The goal is to evaluate the models based on their metrics and draw insights into their performance on a particular dataset. Since the ResNet18 and Inceptionv3 have deep architectures we expect them to learn more features and perform better than the AlexNet. This can be verified by comparing the Accuracy, Precision, Recall, and F-Score of the models. However, the shallow nature of AlexNet and the lesser number of layers in ResNet18 help them train faster (training time per epoch) than Inceptionv3 and will thus be computationally less expensive.

To perform disease classification from Chest X-rays, we chose the datasets publicly available from Kaggle namely, the Chest Xray Images, Chest X-Ray Dataset for Respiratory Disease Classification, NIH Chest Xray-14.

Dataset 1

This dataset consists of 5,856 chest X-ray images of patients with and without pneumonia. The data is present in a .jpeg format. It consists of 2 classes Normal (1,342) and Pneumonia (4,514), of size 1024*1024. Source: Chest xray images to diagnose pneumonia — kaggle.com. https://www.kaggle.com/datasets/paulti/chest-xray-images

Dataset 2

This dataset contains a total of 32,687 images with 5 classes of respiratory diseases, including COVID-19 (4,189), Lung-Opacity (6,012), Normal (10,192), Viral Pneumonia (7,397), and Tuberculosis (4,897). The data is in the form of a .npz file, which is a dictionary containing the image (224*224), image name, and image label. We have sampled 12,000 images from this dataset.

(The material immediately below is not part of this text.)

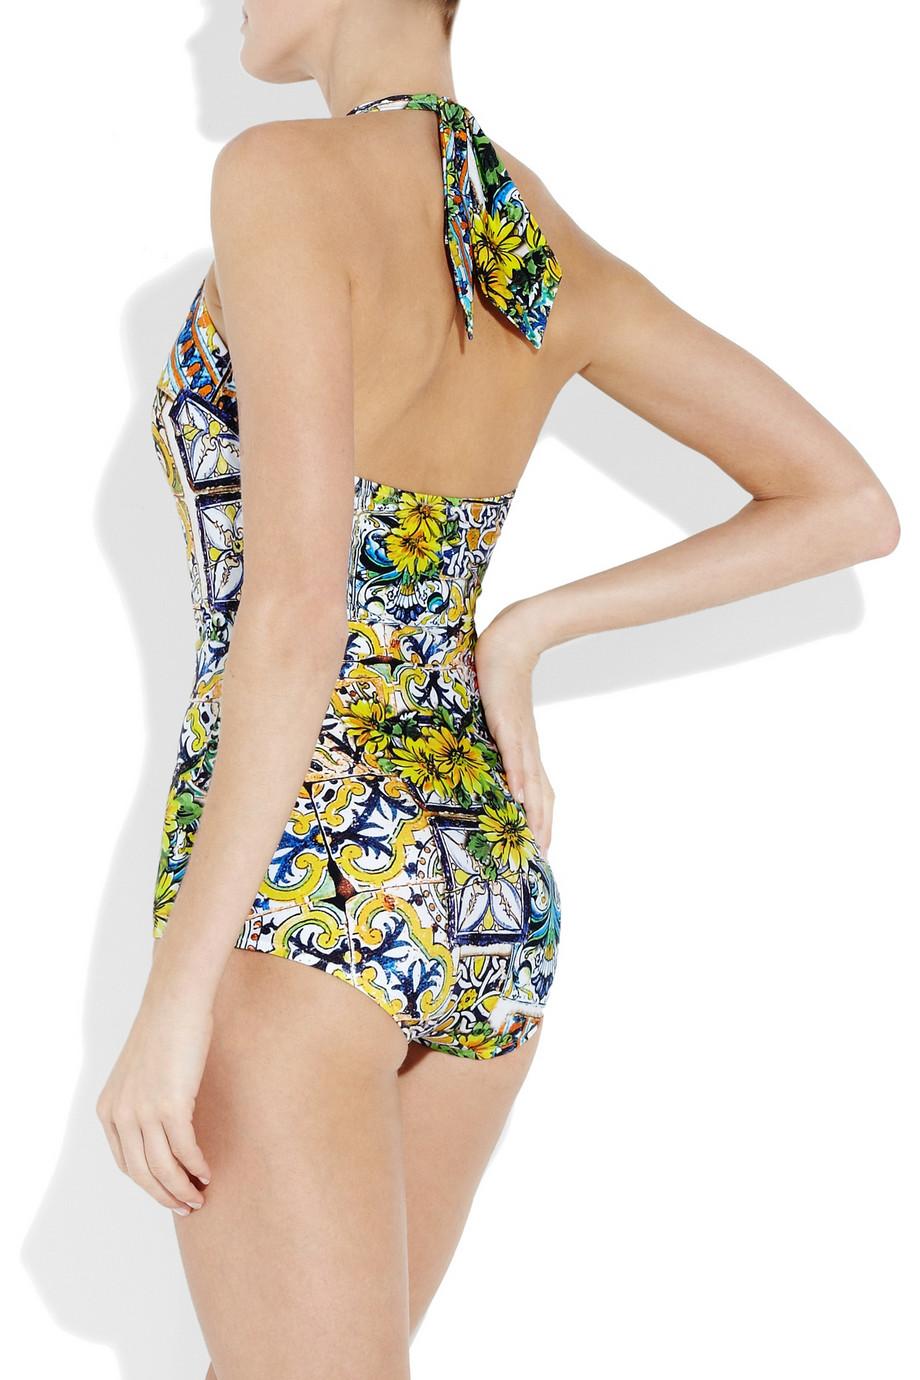 Dolce & gabbana Printed Halterneck Swimsuit in Yellow

Source: Arkaprabha Basu, Sourav Das, Susmita Ghosh, Sankha Mullick, Avisek Gupta, and Swagatam Das. Chest X-Ray Dataset for Respiratory Disease Classification, 2021 - https://dataverse.harvard.edu/file.xhtml?fileId=5194823&version=5.1

Dataset 3

The NIH Chest X-rays dataset is a collection of 112,120 frontal-view chest X-ray images of 30,805 unique patients, of which we sample 20,000 images. The metadata is in a .csv format and the dataset represents 15 different abnormalities diagnosed including Atelectasis, Consolidation, Infiltration, Pneumothorax, Edema,, Emphysema, Fibrosis, Effusion, Pneumonia, No Finding, Pleural thickening, Cardiomegaly, Nodule Mass, and Hernia.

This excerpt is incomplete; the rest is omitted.